Dan Pepper posts a graph showing Quora’s traffic growth which he describes as ‘healthy’ adding that Quora’s stakeholders would be able to sleep well at night.
The real issues however are much the same that affect our analogue lives as well as our digital ones.
It’s a point I’ve made before and it’s worth making again, that we only have so many hangouts. Starbucks set out to develop a ‘third space’, something somewhere between work and home, both socially and geographically; you grab your coffee on the way into work and hang with your friends when you head home.
Your computer and the internet offer virtual home, work and third spaces. Home is your personal stuff – picture, video and music libraries. Work, obviously, is the machine and that collection of files related to stuff that earns you a crust. The third space is generally a social meeting zone, though it might also include shops news sites and others.
Look at your browser favourites. Mine include three newspapers (plus the BBC website which is my home page), a Meetup site related to a hobby, Twitter, my blogs (which actually link from my browser bar) Hotmail and Yahoo! Mail, my bank, a couple of utilities relating to weather and no more than half a dozen temporarily bookmarked sites.
At some point when that list gets too long something has to give and some of those favourites get deleted or shoved in a dusty folder. There are only so many sites I can keep up with. The internet sucks away time as it is. Perhaps at some point when I can wire myself directly into the web and browse separately with the different hemispheres of my brain that list will grow longer, but for now it’s like my real life hang outs.
There are supermarkets that serve my needs – I visit two regularly and another three occasionally….and so forth. I have three or four pubs I visit when I’m in London, two or three in the sticks where I live. The Meetup group I hang out with Saturdays gets together in one of them.
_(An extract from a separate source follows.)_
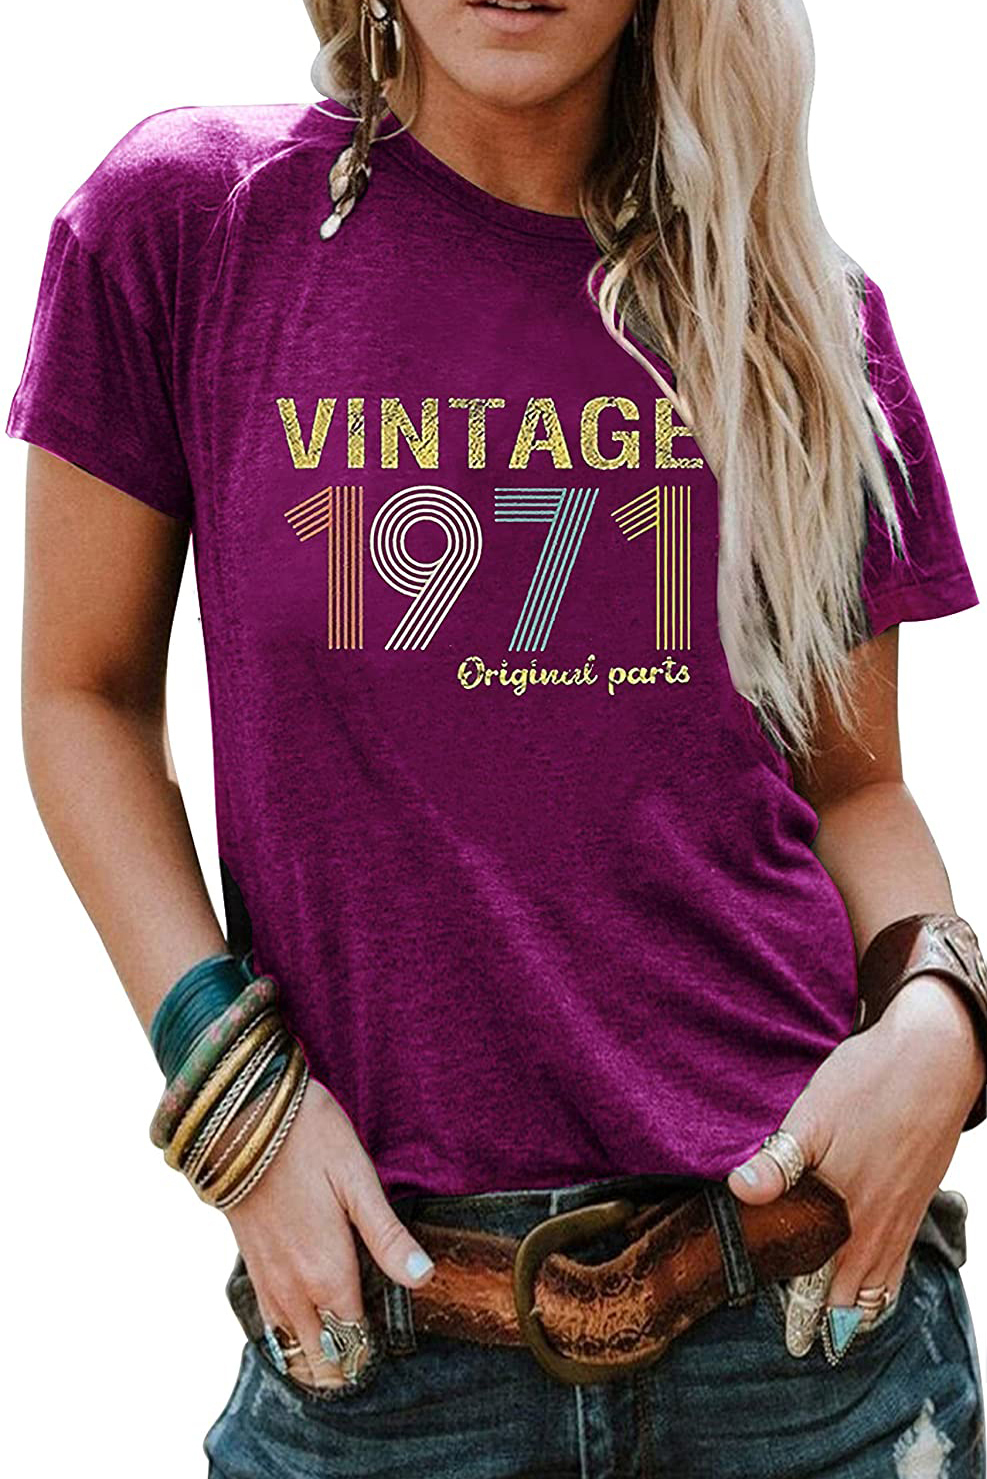 Wholesale Other Category, Cheap VINTAGE 1971 T-shirt Online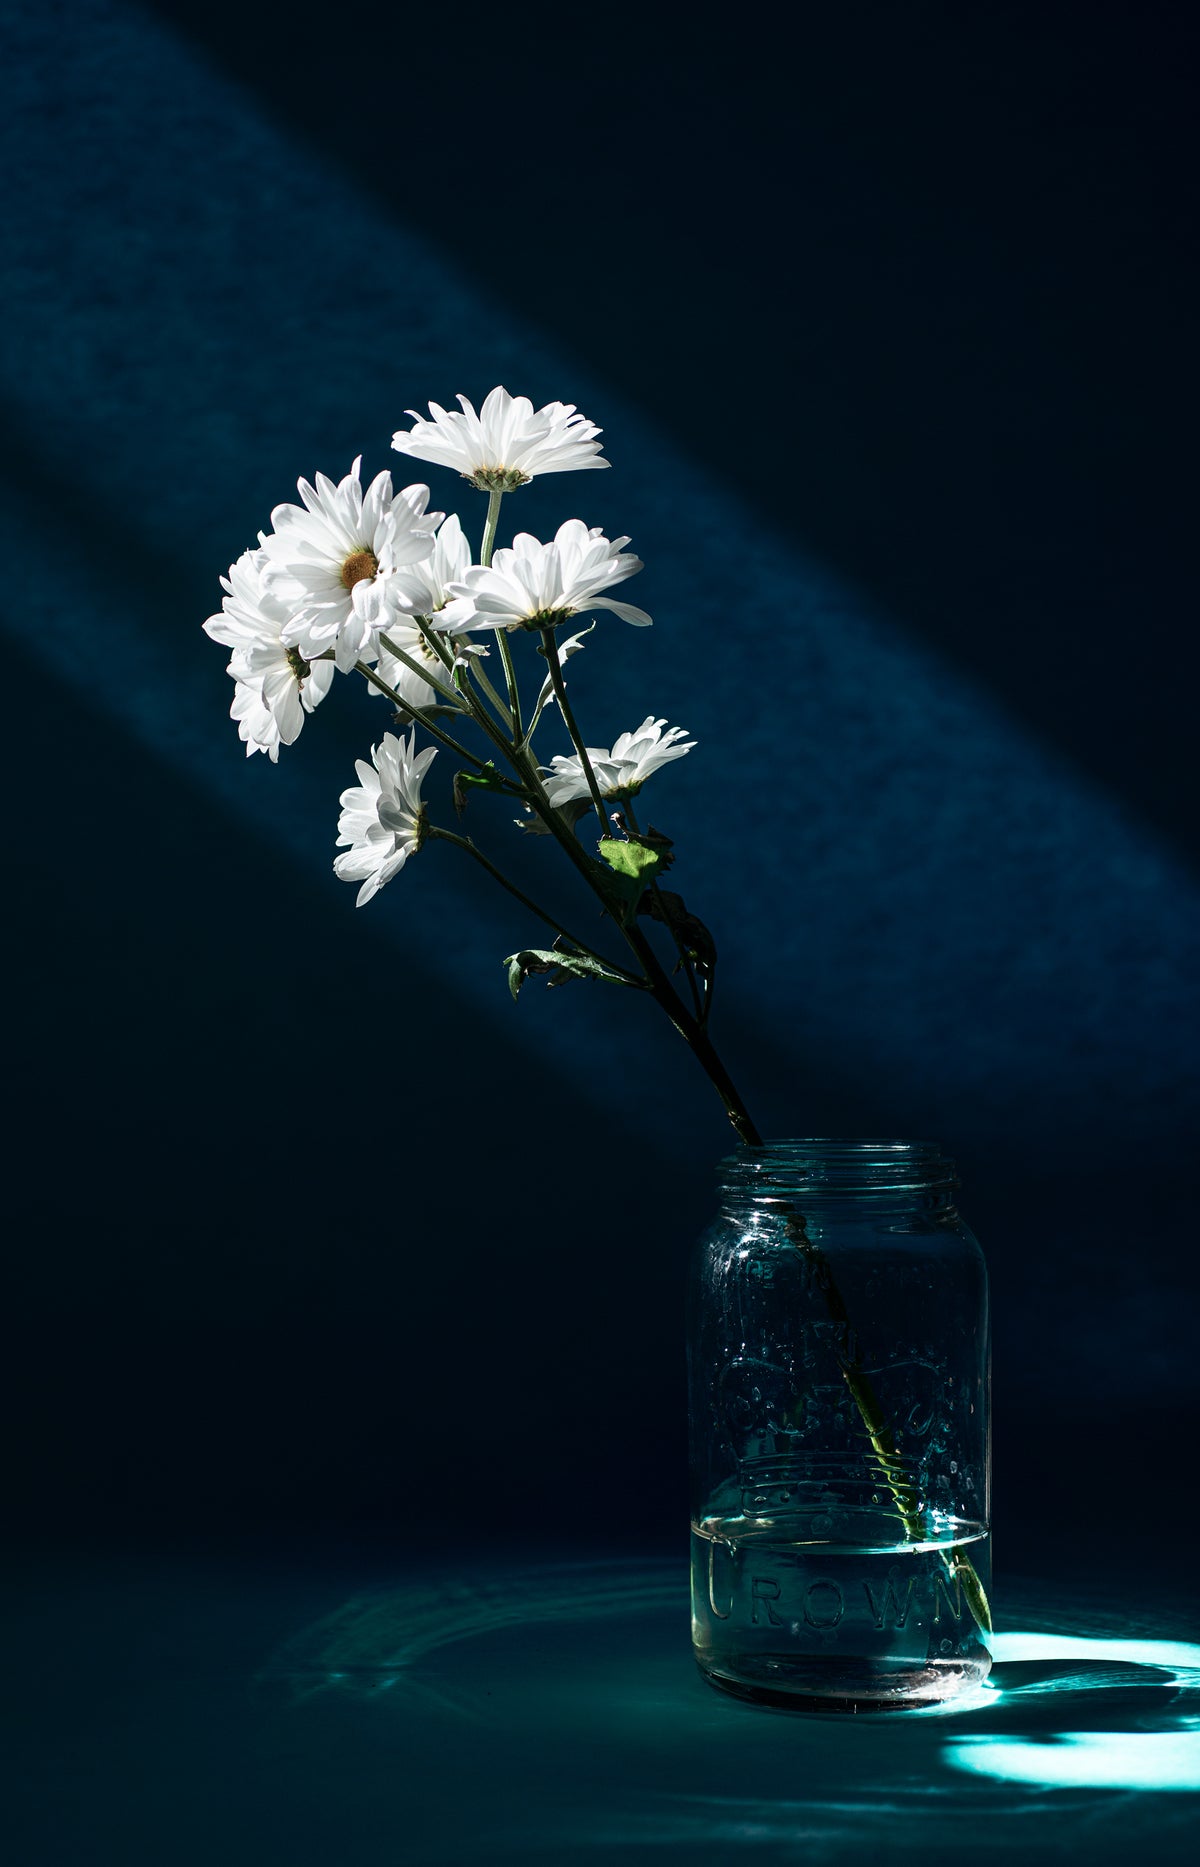 a bunch of white daisy in a glass jar against a blue background

The Meetup group likes to welcome more people but when the rate of growth is too fast new members can’t be assimilated into the group’s culture. Instead existing members find themselves swamped by newbies. They don’t like it. It makes the regulars less likely to attend. It’s not unfriendliness – it’s just that they go to the meet because they like the vibe. If the vibe changes – not the people necessarily but the atmosphere and culture – going there loses its purpose.
It’s the same with sites like Quora. They’ve pursued a social element because it’s been a major driver of growth for sites like Facebook (from whence the founders came). But Facebook is more segmented. It’s not a social free-for-all in so far as you choose whether or not to let people into your circle and what groups to join. Quora is more freeform. You enter the great question mosh pit. The tone is set by the people who post and the exclusive Silicon Valley vibe of its early days has worn off.
Quora does have a slight issue. It hasn’t quite decided what it is – a utility or a hang out. I’m not sure you can be both. It could aim at being a virtual water cooler – serious but relaxed – or a plug in to a bigger app – like Facebook.
But whatever it decided to be it first needs to acknowledge that being all things to all people is a damned difficult trick to pull off. Right now it’s running the risk of not being anything to anyone.